Laterality: Immunological Differences Between Right-Sided and Left-Sided Colon Cancer

Seong Kyu Baek 1,
PMCID: PMC6968726  PMID: 31937068

See Article on Page 342-346

In 1990, Bufill [1] was the first to describe colorectal cancer (CRC) based on its anatomical site of occurrence. Right-sided colon cancer (RCC) is derived from the embryologic midgut, including the proximal two-thirds of the transverse colon, the ascending colon, and the cecum. Left-sided colon cancer (LCC) arises from the embryologic hindgut, including the distal third of the transverse colon, the splenic flexure, the descending colon, the sigmoid colon, and the rectum [2].

In recent years, with increasing knowledge of the genetic and molecular mechanisms of carcinogenesis, CRC is no longer considered a unique disease. Currently, accumulating evidence indicates that CRC exhibits differences in incidence, clinical characteristics, genetic and molecular characteristics, and outcomes depending on the location of the tumor [2]. Patients with RCC tend to be older, female, and have larger, poorly differentiated tumors at more advanced stages compared to those with LCC [3-5]. RCC is associated with frequent metastasis to the peritoneum, while a great proportion of LCC metastasizes to the lung and liver instead [6].

There are underlying gene expression differences between RCC and LCC. Chromosomal instability, which is characterized by mutational activation of the oncogene KRAS and loss of the tumor suppressor genes APC, SMAD4, and TP53, occurs more often in LCC than in RCC [7]. However, RCC has been shown to be associated with BRAF mutations, CpG island hypermethylation, and microsatellite instability [6, 8]. The international CRC subtyping consortium has defined four molecular subtypes of CRC: consensus molecular subtypes (CMS)1 to CMS4, each of which has a characteristic molecular background [9]. RCC predominantly includes CMS1, which is characterized by microsatellite instability (MSI) and strong immune activation, while LCC is mostly characterized by CMS2, which is canonical [10].

Although differences in clinical, chromosomal, and molecular characteristics have been reported between RCC and LCC, it is clear that the outcome of CRC is not solely dependent on tumor characteristics but is also related to the quality of the host immune response. There are distinct differences in the mucosal immunology of the right and left sides of the colon. Paski et al. [11] demonstrated that in the healthy adult colorectum, there is significantly increased immune activity in the cecum compared to the rectum. Kirby et al. [12] reported that intraepithelial T cells are more abundant in the proximal colon than in the distal colorectum.
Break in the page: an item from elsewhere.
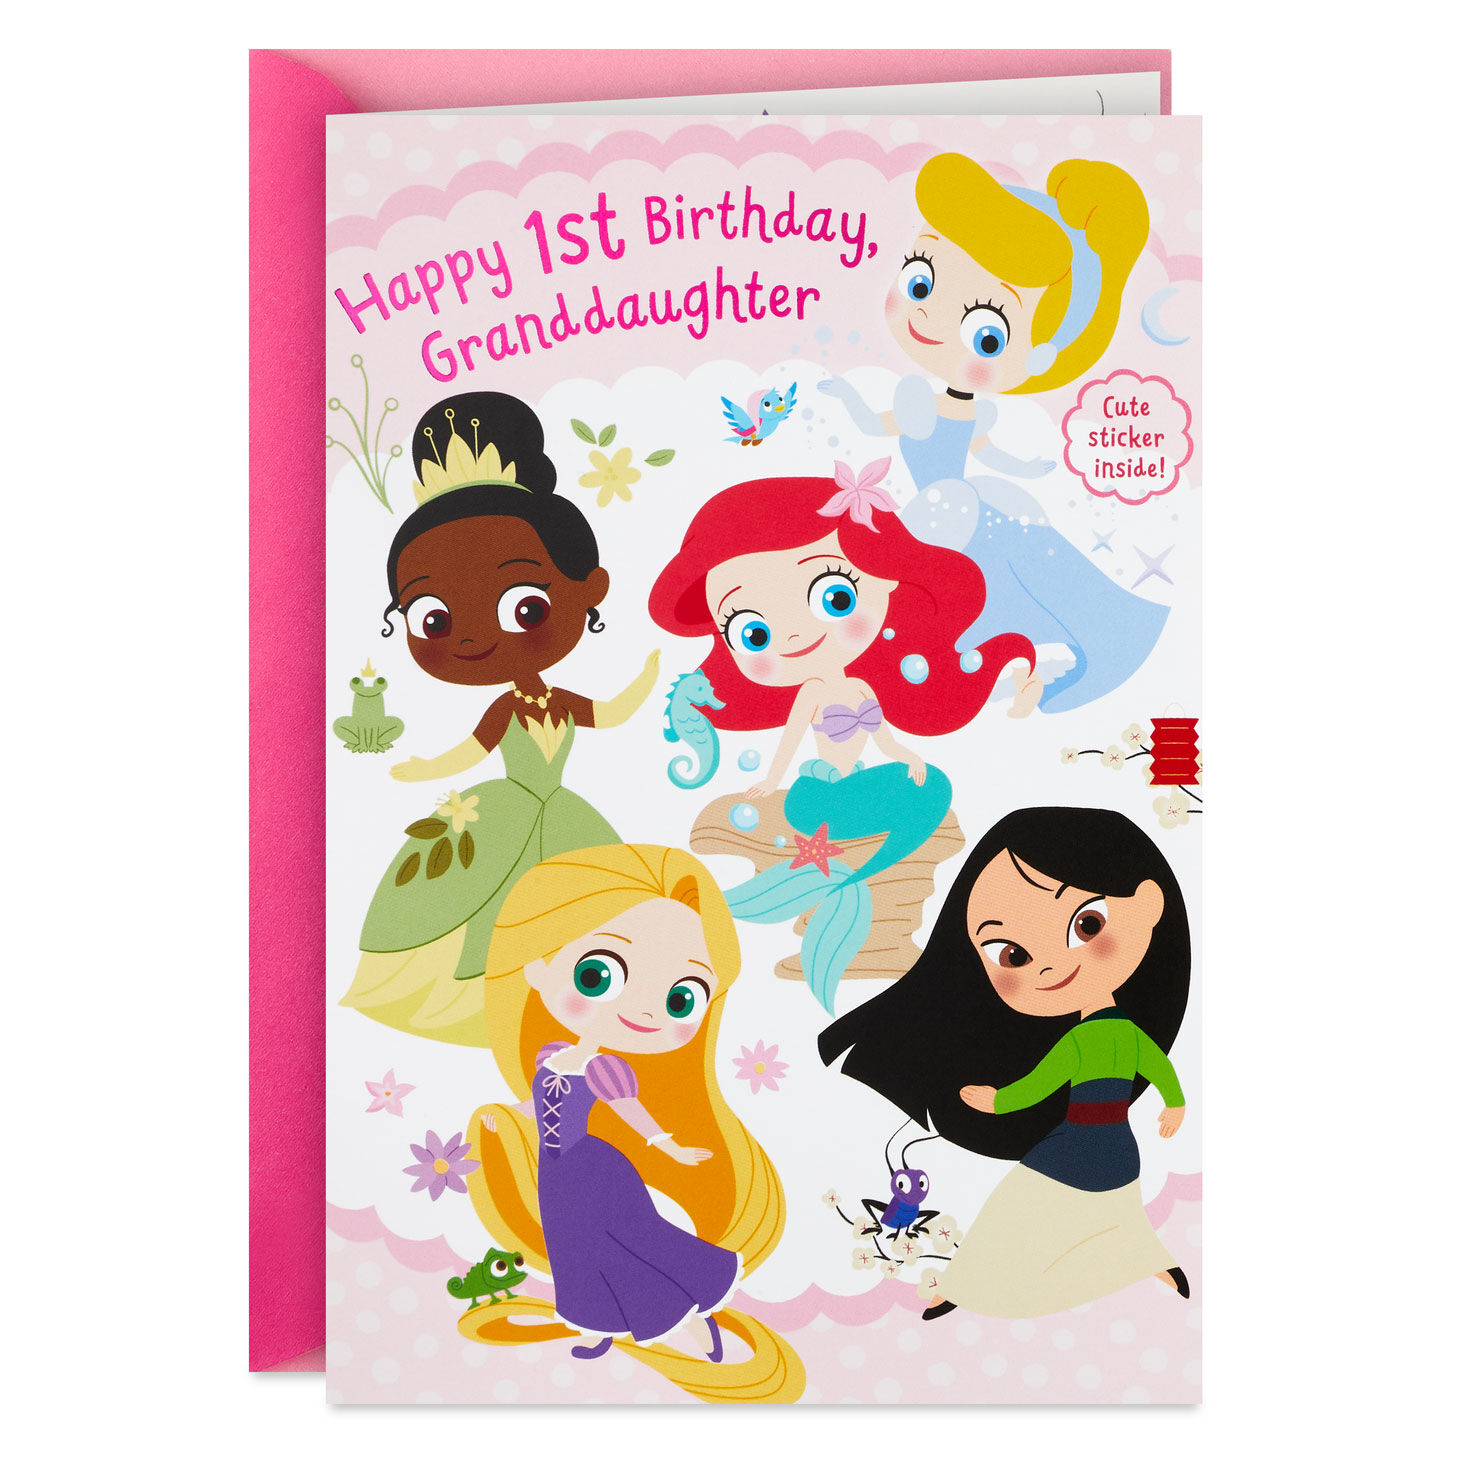 Disney Princess 1st Birthday Card for Granddaughter With Sticker for only USD 3.99 | Hallmark
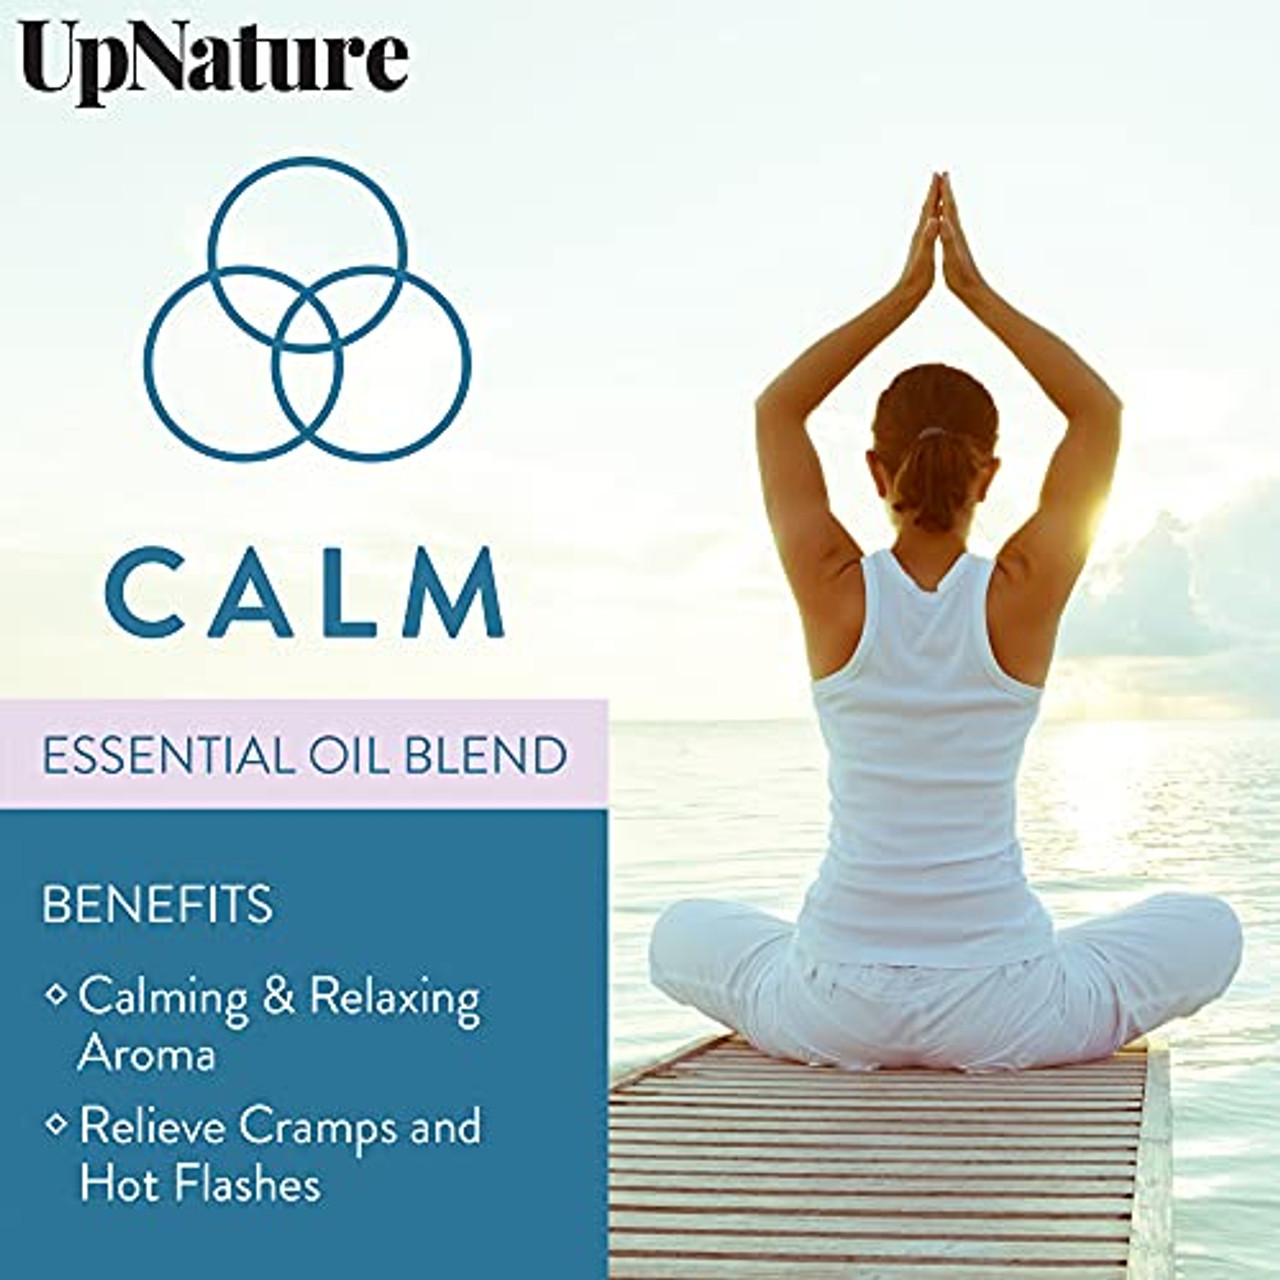 Calm Essential Oil Blend 2 oz - Stress Relief Relaxation Gifts for

The immune response is influenced by the tumor’s genetic structure and the gut microbiota. The gut microbiota population increases with a positive gradient from the proximal colon to the distal colorectum [13]. This difference induces changes in the intestinal epithelial cells and the composition of the immune cell population. Mucosal immunologic differences between the right and left sides of the colon could be explained by the differences in the gut microbiota, which is believed to play an important role in the development of CRC. In the context of CRC, the gut microbiota population also differs in RCC and LCC both quantitatively and qualitatively [14].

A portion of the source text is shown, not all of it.